Monomeric, lathyritic tropocollagen and a variety of well-characterized glycosaminoglycans have been used in a light-scattering study of the interaction that occurs between these macro-molecules under physiological ionic conditions. Additional information has been obtained by turbidimetric and precipitation studies. A binding to collagen of chondroitin 4-sulphates, derma-tan sulphates, heparan sulphates, heparin and proteoglycans of chondroitin sulphate and dermatan sulphate was observed. The complex formation was electrostatic in nature and was abolished with increasing ionic strength.

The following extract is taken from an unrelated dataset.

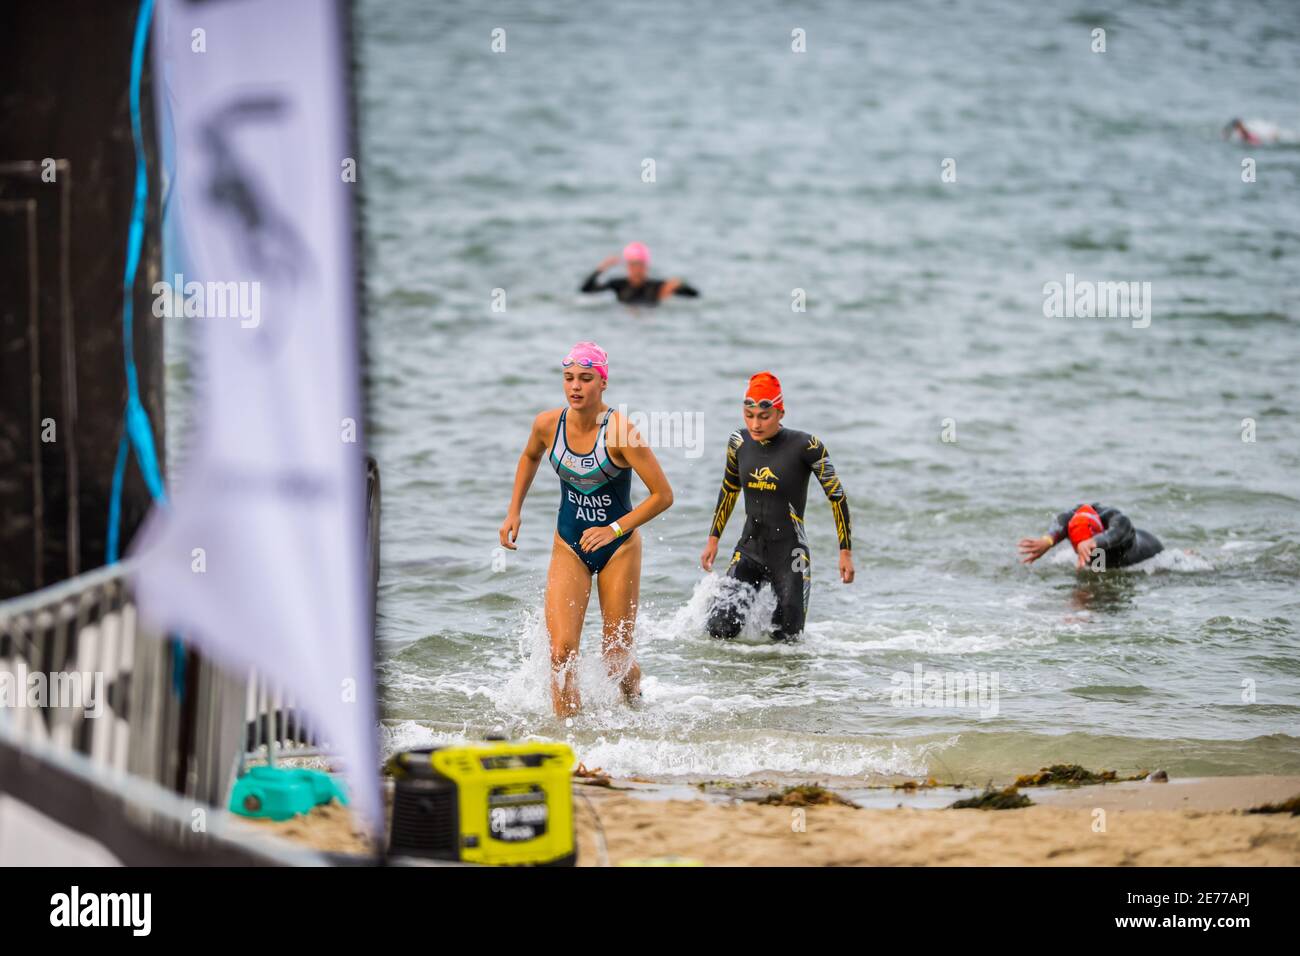 Melbourne, Australia. 17th Jan, 2021. Female triathletes, Ola Evans and Karolina Czajkowska seen exiting the water after a swim race during the 2XU Triathlon Series 2021, Race 1 at St Kilda Beach. Credit: SOPA Images Limited/Alamy Live News Stock Photo

Keratan sulphate did not bind to collagen, indicating either that uronic acid was a prerequisite for the interaction or that a charge density of more than one negative charge per disaccharide was required. Polysaccharides which contained l-iduronic acid showed a stronger interaction than polysaccharides containing only d-glucuronic acid. As a general rule the interaction seemed to increase with increasing chain length of the polysaccharide and increasing charge density.
The results of studies on mixtures of tropocollagen and proteoglycans indicated that the properties of the polysaccharide chains per se were of importance for the mode of reaction between the proteoglycans and collagen.
Hyaluronic acid was not to any significant extent bound to collagen. This polysaccharide and tropocollagen affected each other by a mutual steric exclusion with a concomitant increase in the activity of the tropocollagen molecules.